Rousma seemed right. Not only were his wounds healed, but he also felt, somehow, whole. That gnawing sense of inevitable failure had left him for the first time in what seemed like years. He was still the man who had failed to save the Payshmura Church, but now an assurance seemed to rise up from his bones—or perhaps they were Ravishan’s bones. He felt a surge of pride. He had turned his back on a corrupt church. He had fought for what he believed in and awoken the Rifter’s divine justice.

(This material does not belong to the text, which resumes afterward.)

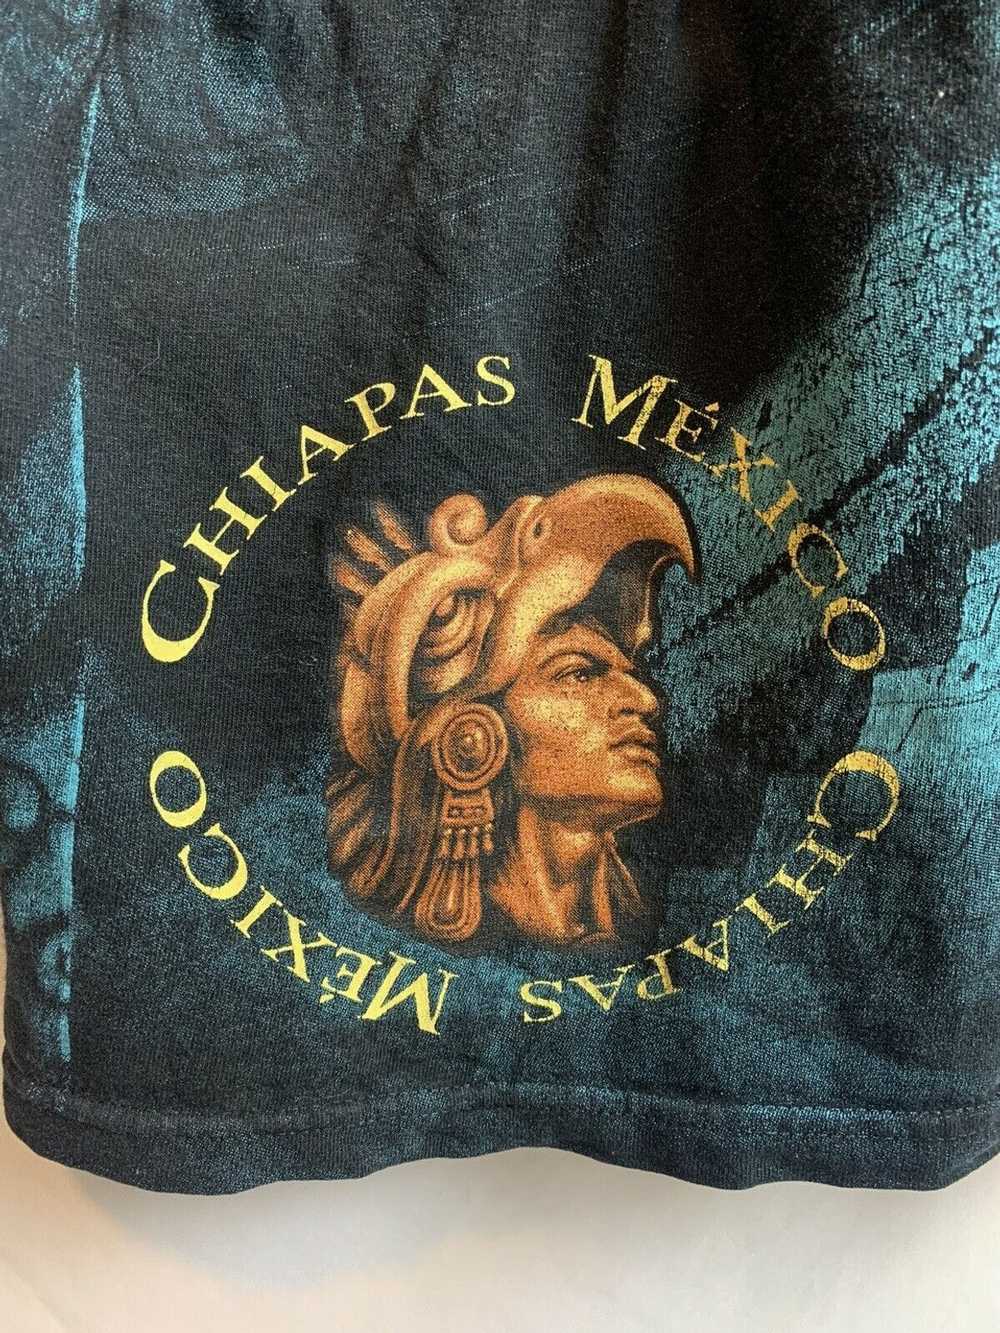 Other Chiapas All Over Print Vintage YAZBEK TShir… - image 2

Both halves of his life melted into each other and what had once felt like contradictions, like losses and failures, now seemed unified and blessed. If, as Ravishan, he had betrayed the Payshmura, it had only been because he had served the greater divinity of the Rifter. And all the pain that he had endured in this life as Kahlil—all of the loneliness and suffering—had been necessary so that he could be here, now, at this moment. Both his lives seemed to converge to a central purpose.
Whether it was the Rifter, or John, or Jath’ibaye, it no longer mattered. They were all one. At the center of both of Kahlil’s lives was his dedication to that single man who was his deity, ward, friend, and lover.